Table No. 2. List of antidiabetic drugs most often prescribed by specialists.

Name Description

Biosynthetic human insulin obtained by genetic engineering. Active ingredient: neutral mono-component hormone solution similar to human. Used for type 1 diabetes, as well as resistance to tablet drugs for type 2 diabetes.

Human recombinant semisynthetic insulin has a neutral acidity level. Country of origin: Ukraine.

Genetically engineered biosynthetic antidiabetic drug for regulating glucose metabolism. Human (DNA – recombinant).

Country of origin: France.


Porcine mono-component drug when used, which can be mixed with long-term drugs containing protamine sulfate as a depot-forming substance.

Made in Ukraine.


Soluble human hormone genetically engineered using DNA recombinant technology.

Made in Russia.

Most often, analogues of human insulin are produced in a concentration of 40/100 IU, in vials or cartridges intended for use in syringe pens.

Almost all of modern means insulin group have much fewer contraindications than their predecessors. Most of them are allowed to be used during pregnancy and breastfeeding.

Important. You should use short-acting insulin and tablets, injections, and other medications with caution. Some of them may reduce or, on the contrary, enhance the effect of antidiabetic drugs. It is mandatory to consult a specialist and carefully study the section of the instructions on interactions with other medications.

Ultra-short preparations

Despite the fact that ultra-short-acting insulin was developed as emergency help when there are sharp jumps in glucose, bringing a person out of a hyperglycemic coma, it is now used in insulin therapy. Currently, three hormone preparations with similar effects have undergone clinical trials.

Table No. 3. List of ultra-short-acting antidiabetic agents.

Name Description
Recombinant insulin (lispro) has high speed absorption, as a result of which it acts faster than the hormone produced naturally. Manufacturer France.

Biotechnically created recombinant analogue of human insulin (aspart). Increases intracellular glucose transport. Made in Denmark.

Insulin luisine is recombinant human insulin, the potency of which is equal to that of the naturally produced hormone. Made in France.

Before injecting a short-acting hormone, a person has to calculate and control in advance the amount of carbohydrates taken with food. This is due to the fact that the calculated dose of the solution is administered 30-40 minutes before meals.

Often, diabetics who have a flexible work schedule in which it is difficult to predict meal times in advance experience difficulties in controlling carbohydrate metabolism. It’s not easy for parents of children with diabetes either. If the portion is not eaten or the child refuses to eat at all, the pre-administered dose of insulin will be too high, which can lead to severe hypoglycemia.

Ultra-short-acting fast-acting medications are good because they can be taken almost simultaneously with or after meals. This makes it possible to more accurately select the dose needed at the moment.

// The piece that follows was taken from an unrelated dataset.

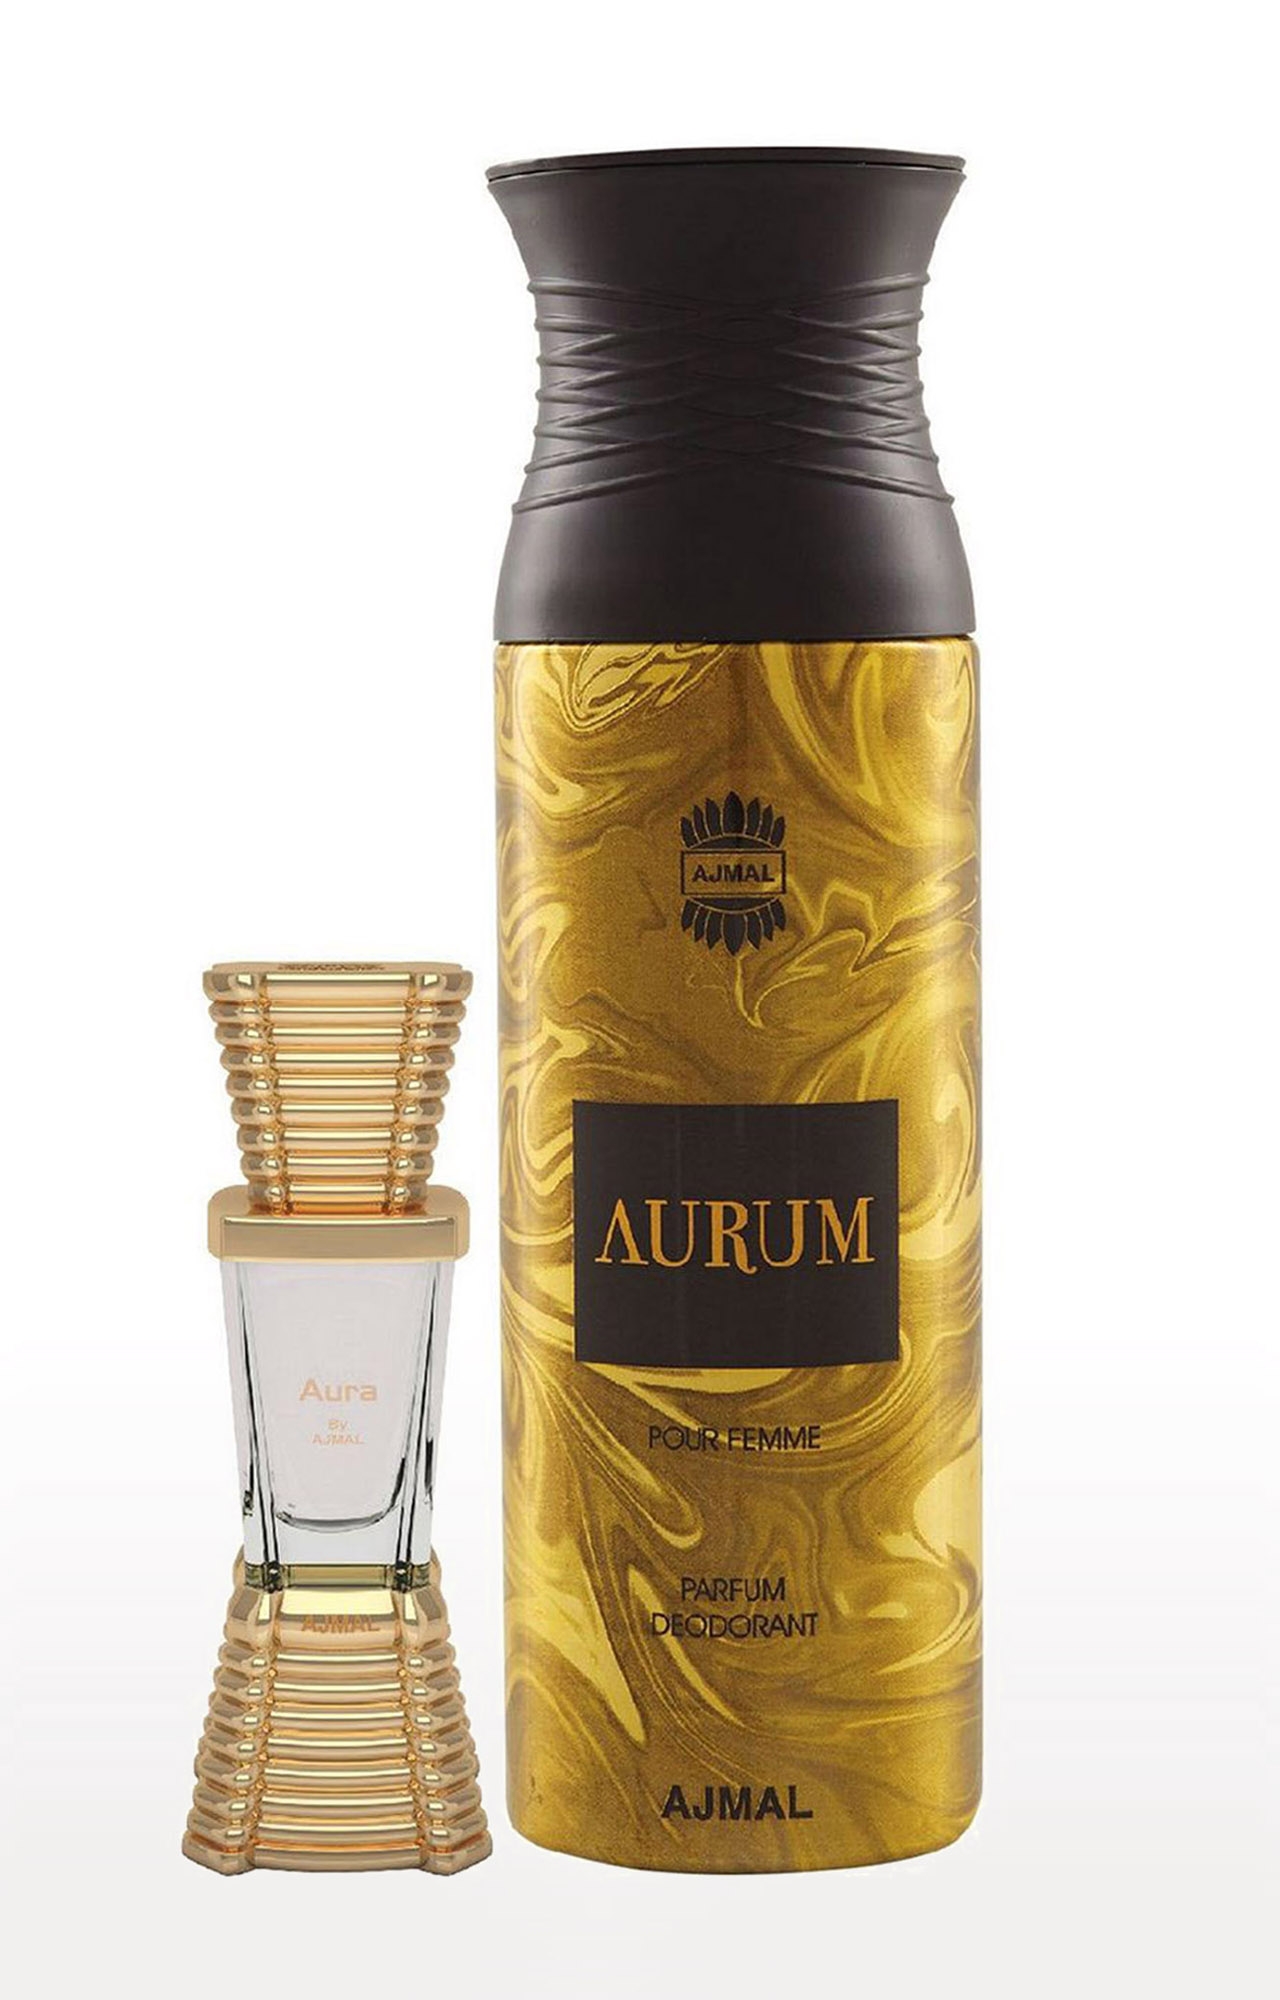 Ajmal | Ajmal Aura Concentrated Perfume Oil Fruity Alcohol-free Attar 10ml for Unisex and Aurum Femme Deodorant Fruity Fragrance 200ml for Women 0

Important. Hypoglycemia is no less dangerous than sudden rises in blood sugar. Lack of glucose leads to the breakdown of fat cells for energy, which leads to poisoning due to the accumulation of ketone bodies.

It should be noted that science and Genetic Engineering don't stand still. Scientists are constantly refining and modifying existing drugs, creating new and improved versions based on them.

Insulin pumps of various models are becoming increasingly popular, allowing active image life experiencing minimal discomfort from injections. Thanks to this, the quality of life of insulin-dependent people has become much higher.

Video materials will allow you to clearly see the technique of administering such drugs.

This page describes different types insulin and the differences between them. Read what medium-, long-, short- and ultra-short-acting drugs are. Convenient tables list their brands, international titles and additional information.

Read the answers to the questions:

The types of intermediate and long-acting insulin are compared with each other - Protafan, Levemir, Lantus, Toujeo, as well as new drug Tresiba. It tells how to combine them with injections fast acting before meals - short-term insulin or one of the ultra-short versions of Humalog, NovoRapid, Apidra.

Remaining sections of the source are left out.